The Democratisation of Music

In its day, classical music was tied in to the main influence structures of society: nobility, and the church. This meant that classical composers who made it in the day were akin to Michael Jackson or The Beatles today.

Becoming a part of the influence structures at the time was hugely difficult, and very few had the means to do it. Mozart for example was fortunate enough to be taken round royal courts from a young age along with his sister, almost as a novelty. But through that exposure - along with his talent, a lot of work from his father, and possibly the fact that he was male - he was able to cultivate his talents in front of the influencers that made him a cultural icon of the day.

In metaphoric terms, imagine a small X-factor panel decided what was worth sharing, and nothing else got through. That panel was the nobility and the church, and Mozart was Susan Boyle.

The Proliferation of Genre

It's no coincidence that Mozart and Beethoven were around the same time, because classical music for its beauty is a genre based on harmonic rules.
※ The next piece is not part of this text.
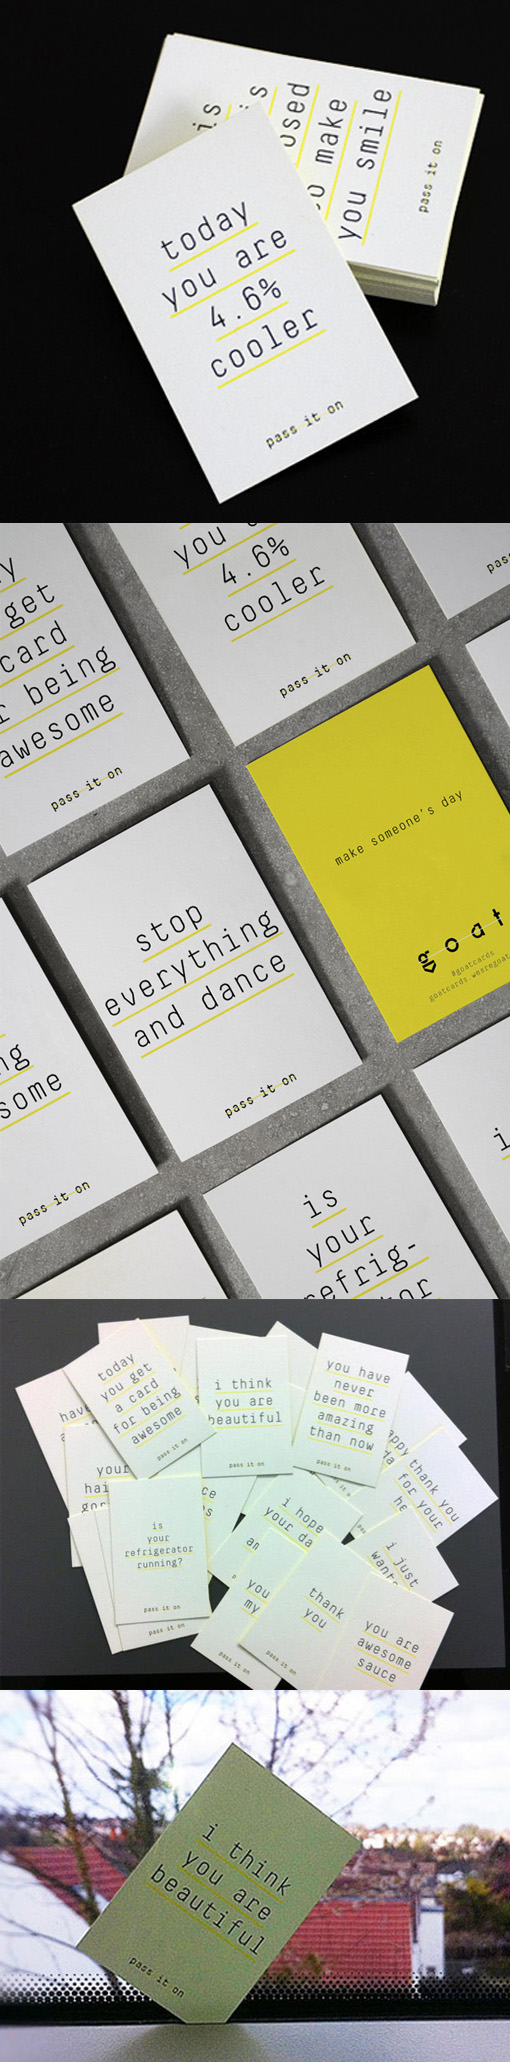 Quirky And Humorous Messages On Business Cards For A Brand Agency

Both Mozart and Beethoven had access to the people who not only defined those rules, but expanded upon them (Notably Haydn and Bach).

One of the advantages of a set of rules is that you can work within them to make increasingly elaborate and beautiful examples.

The reason there was a set of rules ties largely into the church's views on music, but what's important is that they don't apply anymore.

Nowadays, you don't simply have a genre of music that's worked on and elaborated. You have tens of thousands. What was once a giant pile of influence is now a thousand little piles.

Most genres have what you'd consider their own Mozarts. Some names immediately come to mind if I say say Pop, Country, Progressive Rock, Dubstep, Jazz, Time Lord Rock (Okay maybe not Time Lord Rock). But they're all big fish in smaller ponds. The splitting of a preferred music genre into a thousand smaller genres means that there are a thousand separate rule-sets, and divisions people who love them.

--

Some people love Michael Jackson's Music; some hate it. For the ones who hate it there are thousands of other artists and genres.

How can one flavour of composer arise when all tastes are catered for?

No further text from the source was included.